Representatives from the US FDA Center for Biologics Evaluation and Research Office of Tissues and Advanced Therapies have said that the gene therapy clinical trials depend on the nature of the disease being treated and that the diseases that happen to be more progressive or that have a rapid onset may have shorter trials.
This was one of the many learnings which was imparted by the officials during the virtual town hall meeting on February 7 so as to answer the questions from the stakeholders on the clinical development of gene therapy for rare diseases that were outside the scope of oncology and hematology. The town hall happens to be a part of the series to answer questions from the stakeholders on the topics that fall under the OTAT umbrella.
The town hall session addressed the factors that should be considered by sponsors when gauging the study population for early phase gene therapy trials, which happens to be the office’s yardstick for allowing single-arm and externally controlled trials so as to provide primary evidence related to effectiveness for approval, and also the guidelines from the agency to determine the gene therapy clinical trial duration.
According to clinical team leader from the general medicine branch of FDA division of clinical evaluation and pharmacology and toxicology, Melanie Blank, They are working hard to fasten the development of gene therapy and it is indeed a very time in this segment. They are witnessing either one or two applications coming in every week pertaining to different diseases’ need for gene therapies.
Trial Duration
Branch Chief in General Medicine 1 at DCEPT, Elizabeth Hart, said that there isn’t any one-size-fits-all approach that determines the necessary clinical trial duration, but instead the time length varies based on the disease type that the therapy is known to treat.
A shorter time is going to be needed for diseases that happen to be rapidly progressive so as to demonstrate their efficacy as compared to those that are known to be more heterogeneous. She added that for such diseases, it can be a possibility to showcase a clinically meaningful effect with biomarkers that are valid.
Study Populations And The Factors That Determine Them
As per Blank, the sponsors must do a benefit-risk analysis to make sure that the patients who happen to be most benefited from the therapy are given the preference of enrolment. When it comes to benefit-risk, they are looking to enrol patients who are most likely to get benefited and that they really want to make sure that whosoever enrols ought to have the greatest potential benefit.
The capacity to give informed consent is another significant factor when it comes to determining the study population, said Blank in response to a question on what elements the sponsors must use when looking into the study population for gene therapy trials across every phase.

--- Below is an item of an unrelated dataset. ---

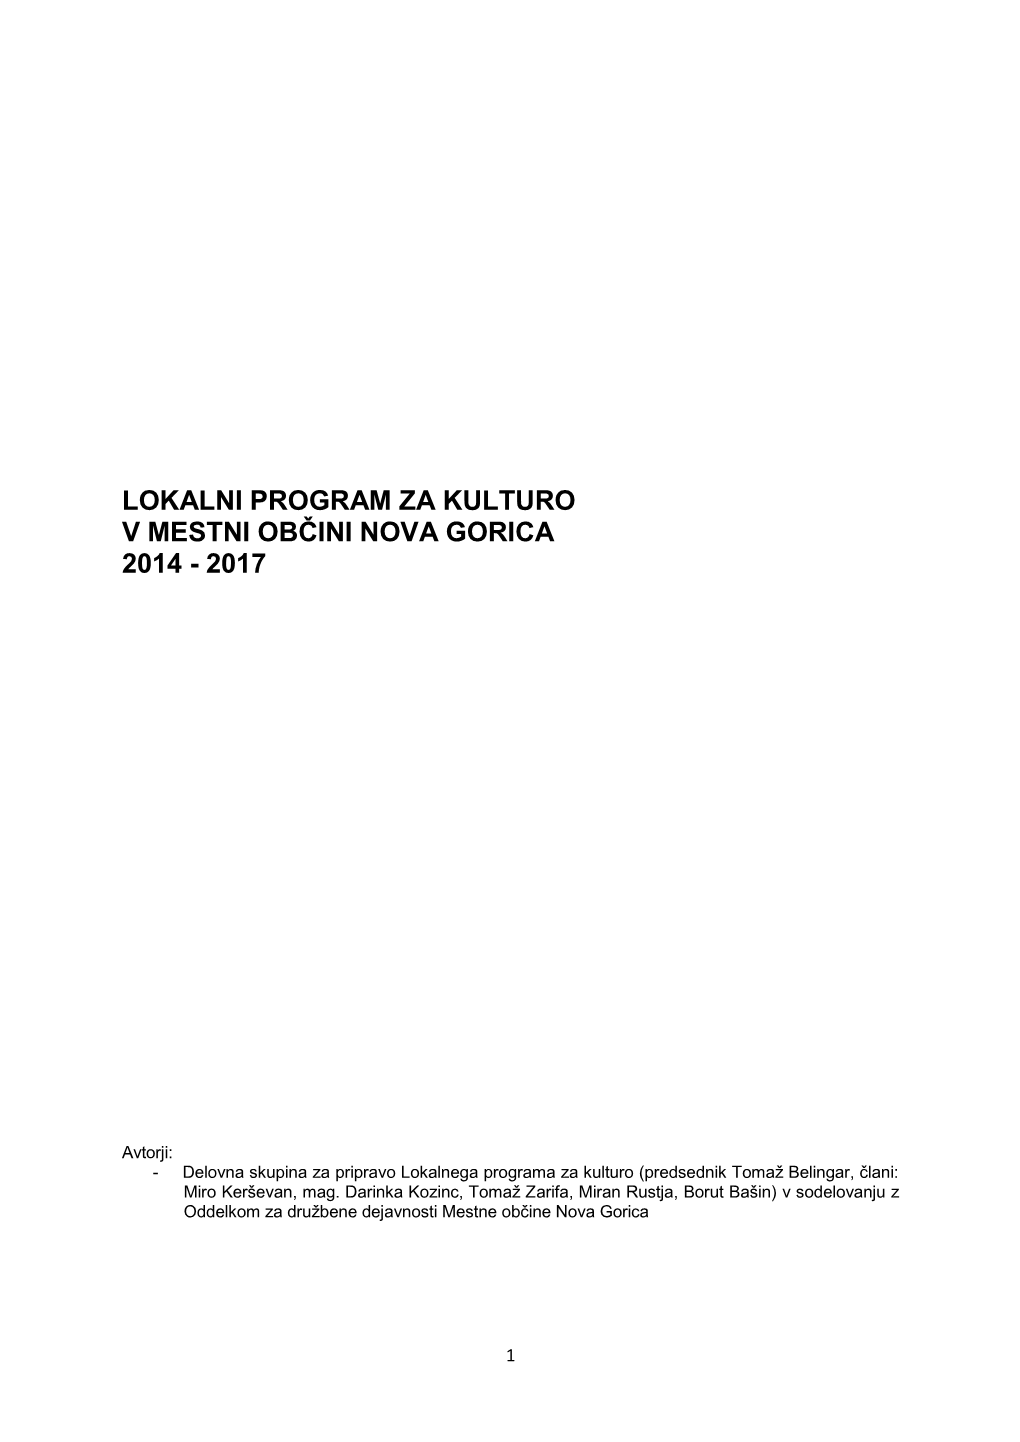 Lokalni Program Za Kulturo V Mestni Občini Nova Gorica 2014-2017

According to Blank, the older patients who give consent happen to be more favourable than those who cannot give consent. An adult patient is able to provide consent, while the paediatric population provides assent and for that matter, the youngest of all cannot provide either. Blank adds that when the disease is likely to affect the adult population, they go ahead with adults first just to ensure that some preliminary data on safety is available before going ahead with children and thereafter to go into those who can assent, again in that case older before approaching the younger.
Single-Arm Studies: The Conditions
The officials were asked to specify if the agency is going to allow the single-arm use of externally controlled studies in place of two well-directed randomised studies to gauge the new gene therapies’ efficacy.
The branch chief of General Medicine 2 in the DCEPT, Lei Xu, opined that the regulatory approval of gene therapies hinges on efficacy evidence which is substantial from a study that is well-controlled and adequate.
That said, the agency shall approve the external controls like the history as well as the concurrent controls for the gene therapy in order to treat the conditions that happen to be serious and rare. This includes cases pertaining to well understood underlying pathogeneses of diseases, the course of which is well documented and is also pretty much predictable, and can also be verified and measured objectively.
FDA has recently come up with a guideline based on criteria that will be used to allow external controls that shall substitute for two well-controlled randomised trials, although the guidance does not specify rare diseases. Apparently, it was Wilson Bryan, the outgoing OTAT director, who first announced the idea to have a town hall series during a meeting in 2022 so as to enhance the communication done with sponsors and thereby widen the scope of messaging.